Friday, August 9, 2013

The PGA Championship is Here. HoHum.

The PGA championship is in Rochester, NY this week. The golfers on this illustrious tour have decided to make a swing through my hometown and every one is giddy. The press is out in force with sightings of Tiger Woods and Phil Mickleson. I saw one picture that appeared to show Mr. Woods putting on footwear while leaning against a van. Images like that almost bring me to tears; the elite and famous of golf, putting on sneakers the same exact way I do. Oh! The humanity.

The press has reported on which fine restaurants the golfers are visiting, who among them may be visiting Niagara Falls (a local attraction, if you don’t mind driving an hour to get there), and which among them have sampled Rochester’s world famous “Garbage Plate”.

I ate a Garbage Plate once and I also golfed once. Just not at the same time, nor in the same place. I golfed in Wisconsin, which is far away from NY. This was to protect myself against the paparazzi photographing my first, and only, feeble attempt at golf. It would not do to have my adoring public see me klutzing about that far away fairway.

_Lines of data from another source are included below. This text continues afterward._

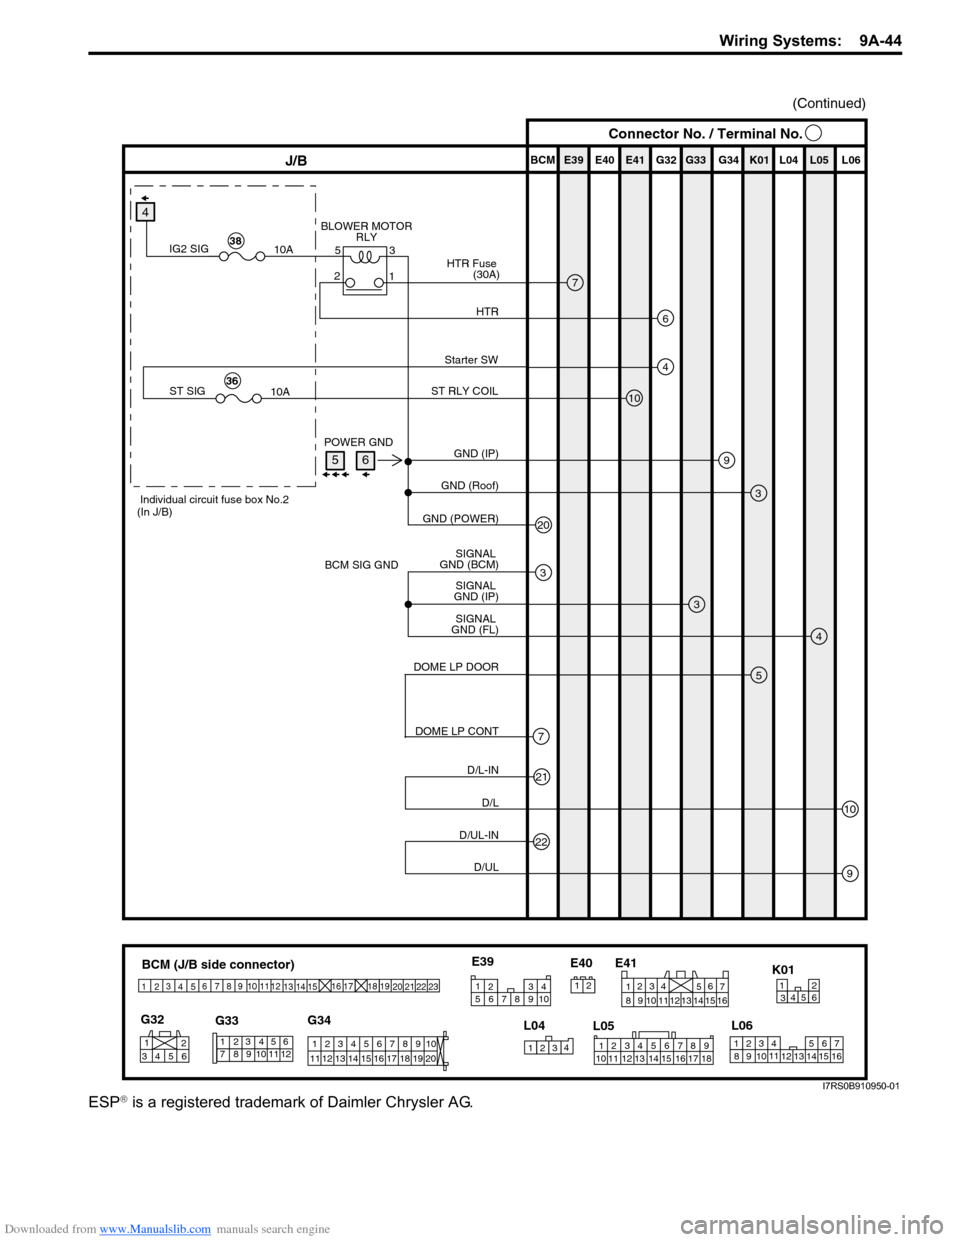 SUZUKI SWIFT 2006 2.G Service Workshop Manual Downloaded from www.Manualslib.com manuals search engine Wiring Systems:  9A-44
ESP® is a registered trademark of Daimler Chrysler AG.
BCM (J/B side connector)
34
1
2 5
15
14
12
13
10
11
9
8
6
7
17
1

I am not attending the championship at Oak Hill this week; instead I have elected to stay home and putt around the house. The shed out back needs to be painted, the basement needs cleaning, and with all the hoopla around town, the dust all seems to be settling in my living room.

Speaking of far away, Eldest is in the land of avocados this week. She left for Guatemala with Roberts Wesleyan’s Enactus  team this past Monday and will return next Saturday night. I think she chose this club to join, and this trip to take, to avoid the golf tournament. Her flight took her across the Gulf of Mexico, just about the time many of the golfers were flying into Rochester. On a side note, when she returns she has requested that we take a trip to the zoo.

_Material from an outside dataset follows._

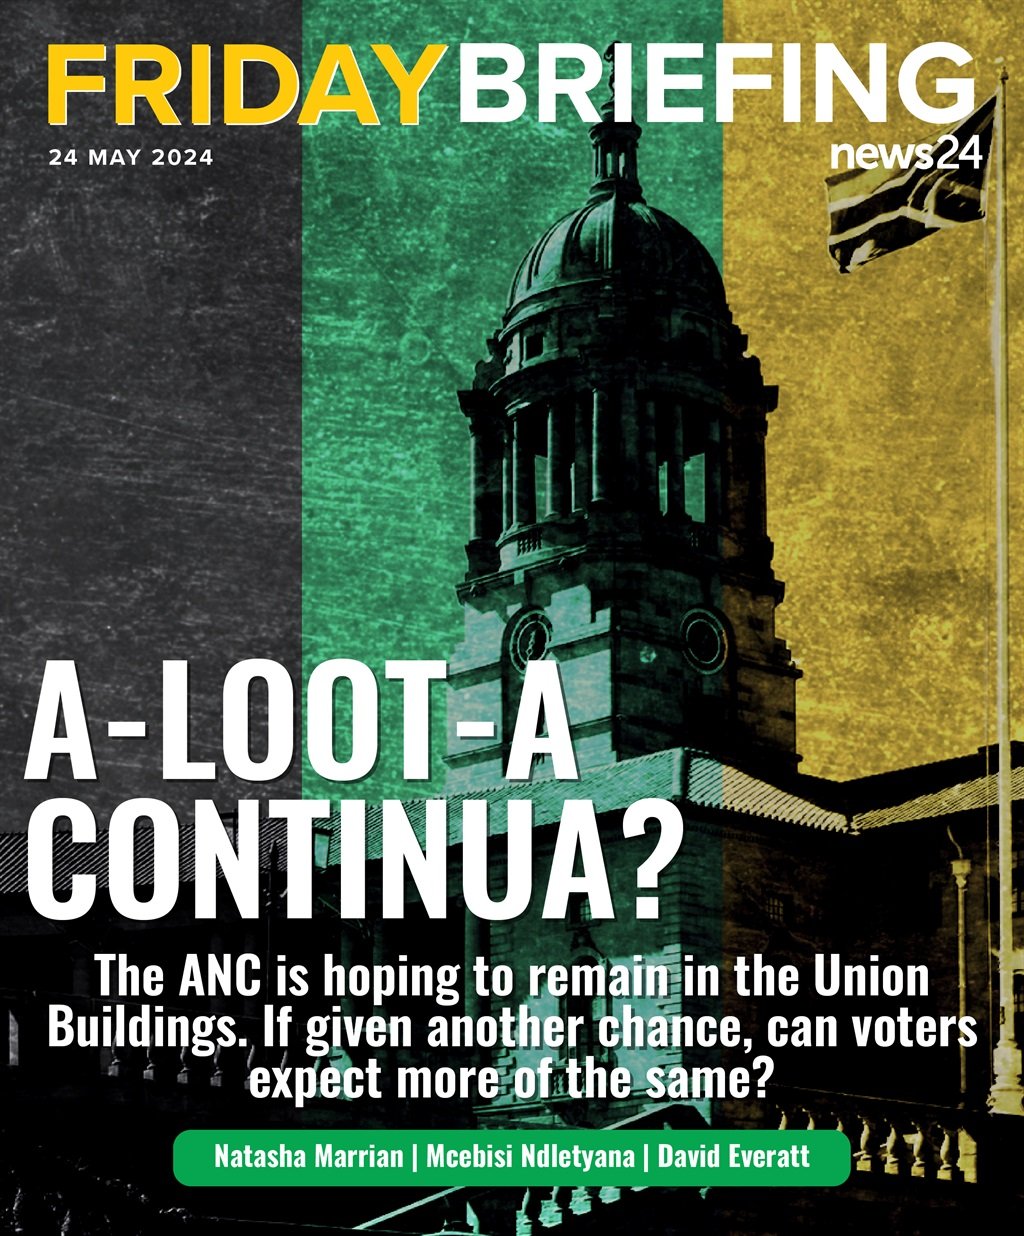 News24 | FRIDAY BRIEFING | A-loot-a continua: Should we expect more of the same from ANC beyond 2024?

I asked Middlest and Littlest what they thought about the PGA being in Rochester. Middlest responded with a laconic, “I really don’t care.” Littlest perked up just slightly and responded, “What golf tournament?”  

Neither is upset at missing a chance to see Tiger Woods out on the links, but they are excited to go with Eldest on a trip to see the lynx..and maybe a tiger too.

Thursday, August 1, 2013

The Summer Doldrums

At my house, we have reached the summer doldrums. When mariners of long ago would cross the equator, they would encounter areas where there would be no wind. Captains and crews would sit for days under the hot equatorial sun, waiting for a breeze to get their boats moving again.

That is where our household is at this very moment. In the doldrums. Waiting for a breeze to motivate our ship to move across the sea of midsummer’s languor. The stillness of the air and the slowness of activity is sapping our strength.

Alright, that is about as poetical as I can get. Seriously, it is a slow time in our house hold. Middlest commented the other day that she keeps losing track of what day it is. She has to work backwards from Sunday, since church makes Sunday significant in a week formless and void.

In order to preserve my daughters’ mental health during this time of inactivity, I have devised a series of mental exercises that will keep them in tip-top mental shape for school in the fall. Cleaning out the basement and painting the shed and the trim around the house top off that list. When I made the list public to my daughters, there was much grumbling and complaining. “Dad, we aren’t bored; we have Youtube, Pandora, Hulu, Facebook, and Twitter to keep us occupied and mentally challenged. Your list has nothing to do with mental health; it has to do with forced labor.”

As you can imagine, the rest of the conversation was short, mostly consisting of my scowling and growling and the girls’ eye-rolling and grumbling. I am not sure if this type of conversation is due to our Italian heritage, but it sounds more European if I say that is why we argue that way.

As of today, we have hauled 3 large bags of garbage out of the basement and most of the trim around the house is done and our shed is turning a delightful shade of caramel butterscotch (thanks to the artistic Middlest, who picked the color).

I am also proud to say that my daughters seem to be on top of their game mentally. I have seen one of them actually doing homework - and school doesn’t start for another month.